# Final Fantasy X



## DARK_KNIGHT (Apr 10, 2007)

This is my favourite game of all time!Any1 ever played it?


----------



## Lenny (Apr 10, 2007)

I got up to the point where you could buy Yojimbo as a Summon, realised it would take me hours to raise the money (I got frustrated and lobbed everything I had at Evrae... overkilled him something wicked, but I ended up with a pitiful amount of gil ) and gave up.

I'm thinking of buying it and playing it again (played it twice - both times I borrowed it off a friend. First time I managed to go _backwards_ on the sphere grid!), just so I can finish it.


----------



## Talysia (Apr 10, 2007)

I've played it, and whilst it wasn't bad at all, it wasn't my favourite out of the series.  Yes, the graphics were good, and I liked the Blitzball mini-game, but I wasn't mad on the ending, even if that issue was addressed in the sequel.


----------



## DARK_KNIGHT (Apr 10, 2007)

What didnt you like about the ending??

Ive heard from many people that they didnt like the ending of the game so im just curious....


----------



## Commonmind (Apr 10, 2007)

The ending wasn't very satisfying and the story didn't really have a sense of closure (the overwhelming feedback from the Japanese audience coupled with the complaints of American gamers are what prompted Square to make a sequel to begin with; they basically admitted themselves that the game needed another installment). FFX is still one of my favorites, despite its faults. Like FF7, with its incohert plot, X shines where most FF's tend to shine, in their gameplay, and X was definitely fun to play.


----------



## HappyHippo (Apr 10, 2007)

As I type, my husband is playing this on the sofa.

I enjoy FFX more than most computer games; it doesn't make me want to kill innocent bunnies just to relieve the boredom, the graphics are amazing, the score fairly elegant, the gameplay's not too repetetive.

As with FF8, which is the only other one in the series I know quite well, I felt that once you got to the end, it was rushed, and a bit thrown-together.

The FMV is utterly gob-smackingly awesome in places!


----------



## Commonmind (Apr 10, 2007)

In my opinion that's been one of Square's biggest faults. The beginning and climax of their games are usually pretty intriguing, but when it comes to the finale, there is definitely a lack of polish.

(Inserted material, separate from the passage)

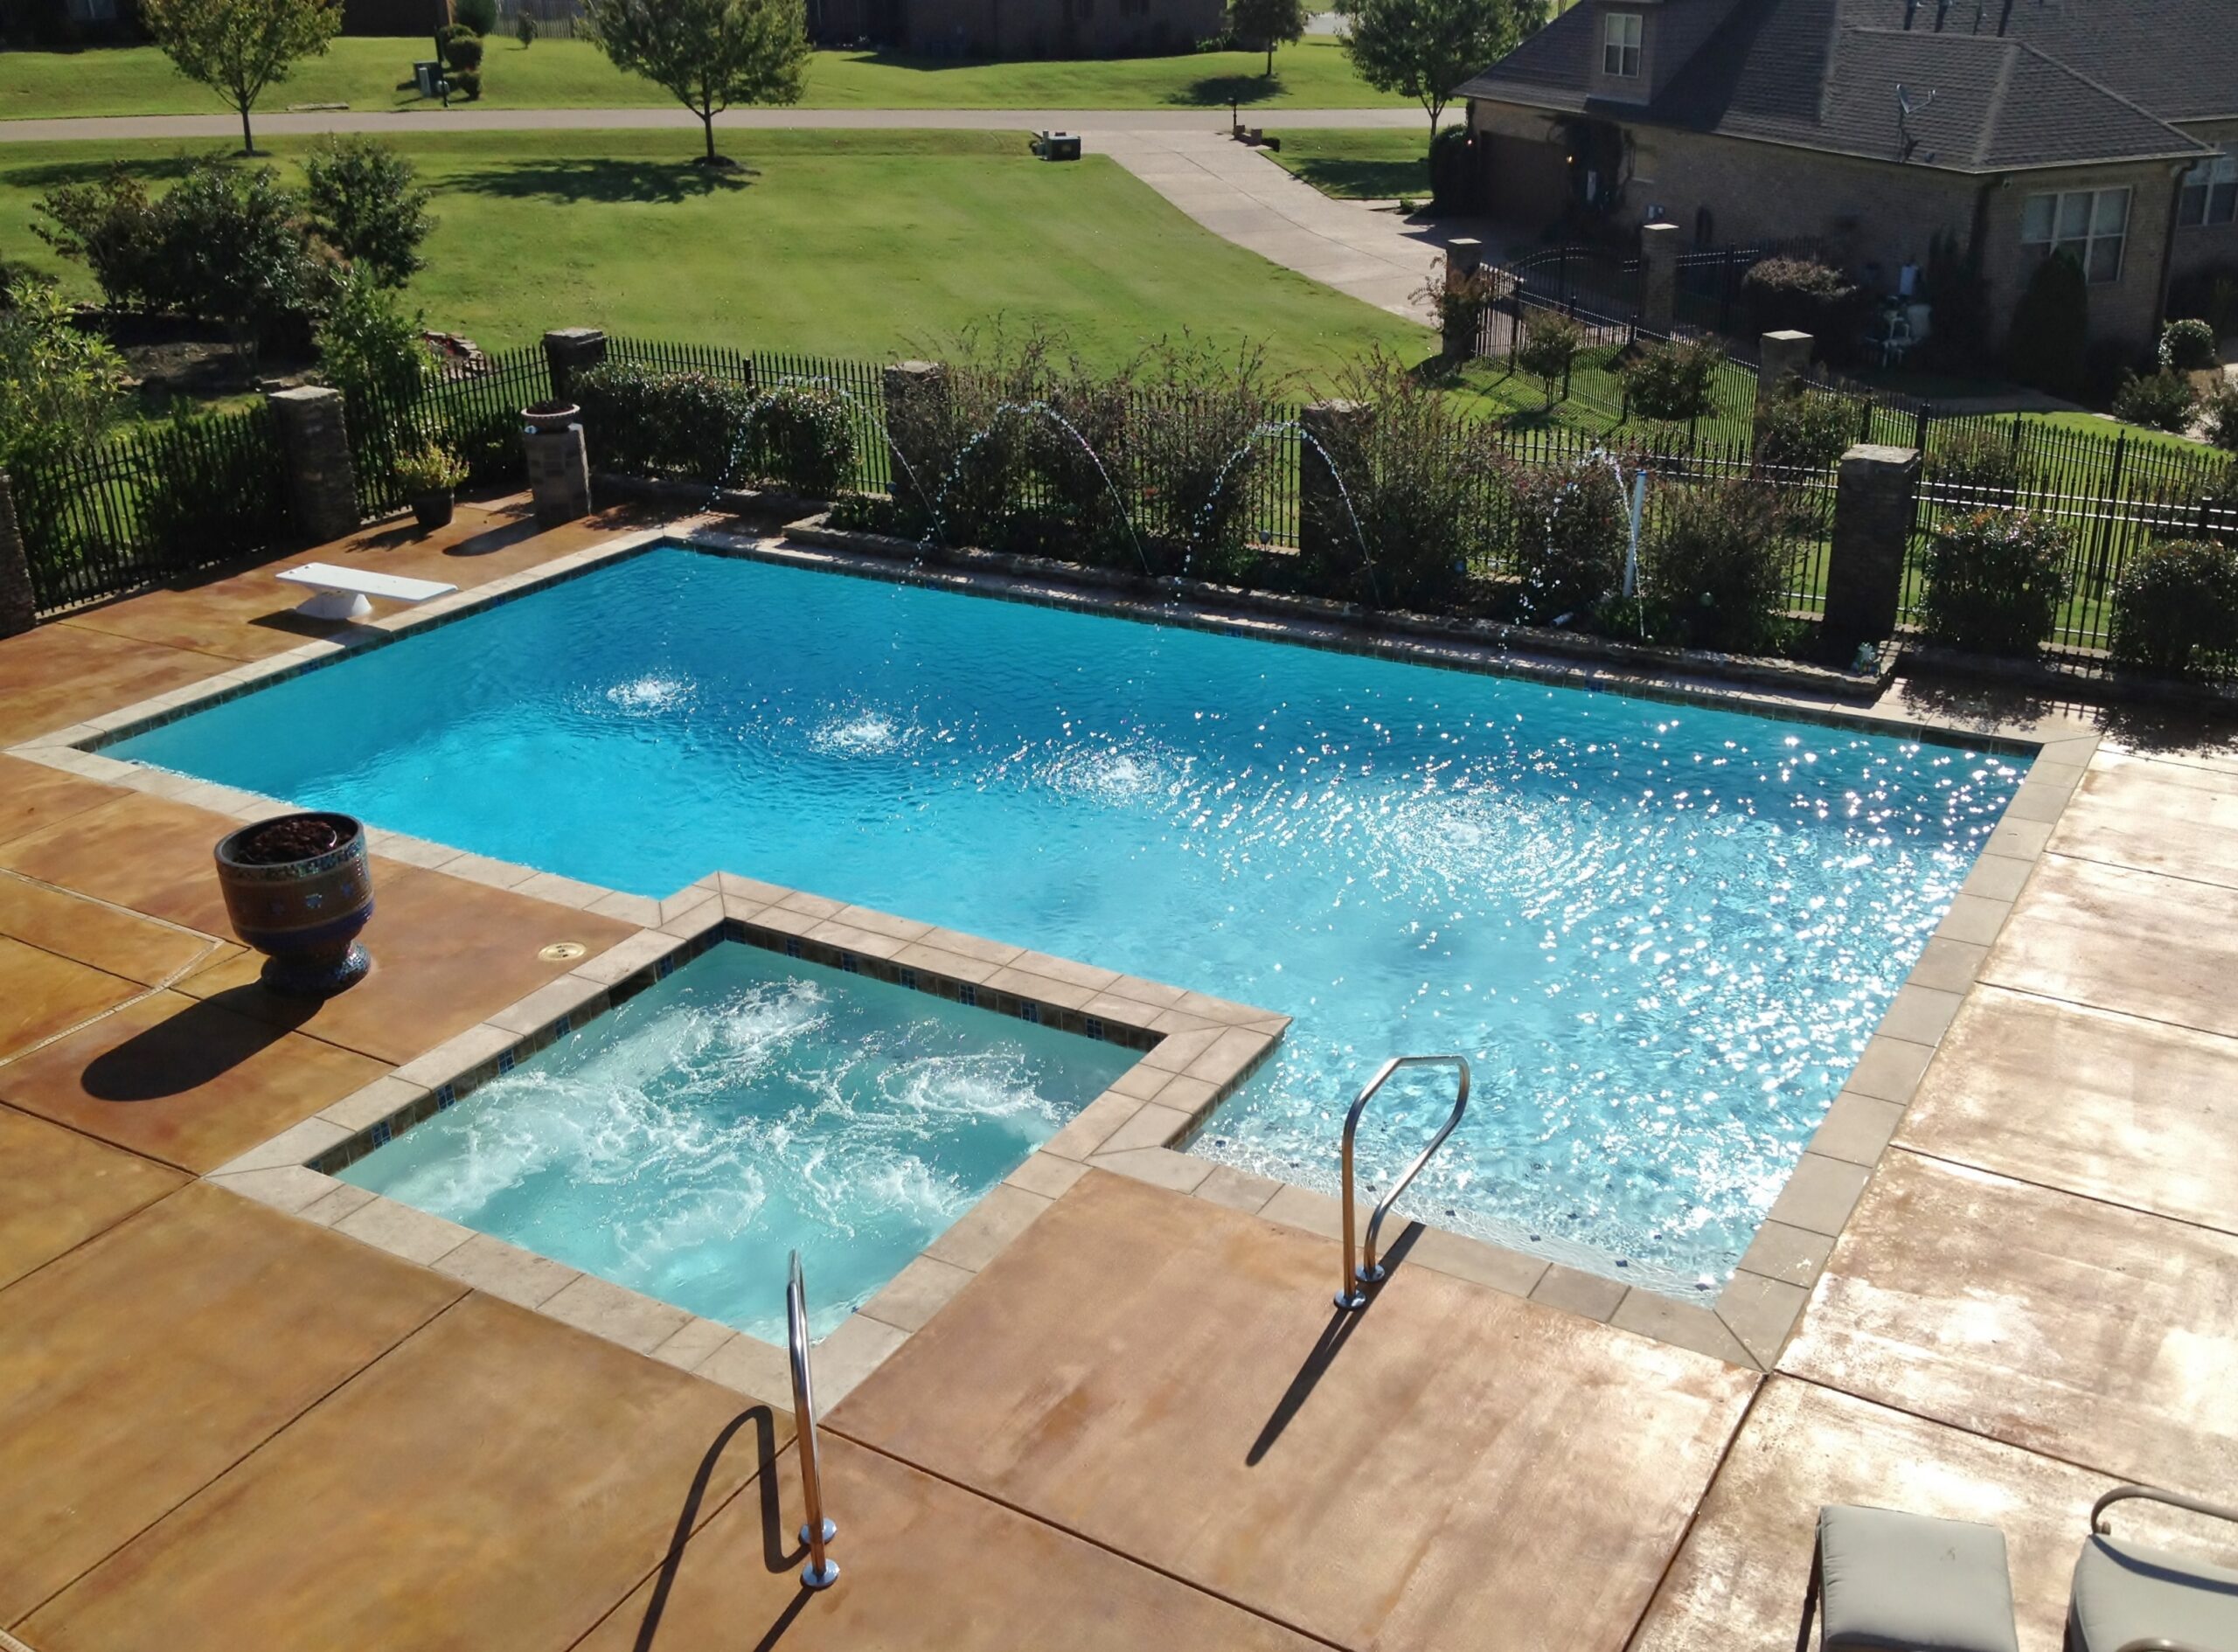 7 reasons to own a swimming pool this year

Being a huge Square fan and having played most of their releases - including some of their domestic titles that never made it to our shores - I'd have to say a fairly low percentage of them have engaged me the entire way through.


----------



## Commonmind (Apr 10, 2007)

I should rephrase that. It isn't that they haven't engaged me the entire way through, only that I sometimes feel a bit disappointed with the final few hours and resolution of the story.


----------



## Aes (Apr 11, 2007)

Commonmind said:
			
		

> In my opinion that's been one of Square's biggest faults. The beginning and climax of their games are usually pretty intriguing, but when it comes to the finale, there is definitely a lack of polish.


I agree, and this seems to be especially true starting with #7.  For some reason, when I first played it, I restarted from the beginning for seemingly no reason once I reached the final hours.  With every FF since, I've had to fight to keep myself playing through completely.  Still, they are enjoyable games.


----------



## Commonmind (Apr 11, 2007)

Aes said:


> I agree, and this seems to be especially true starting with #7.  For some reason, when I first played it, I restarted from the beginning for seemingly no reason once I reached the final hours.  With every FF since, I've had to fight to keep myself playing through completely.  Still, they are enjoyable games.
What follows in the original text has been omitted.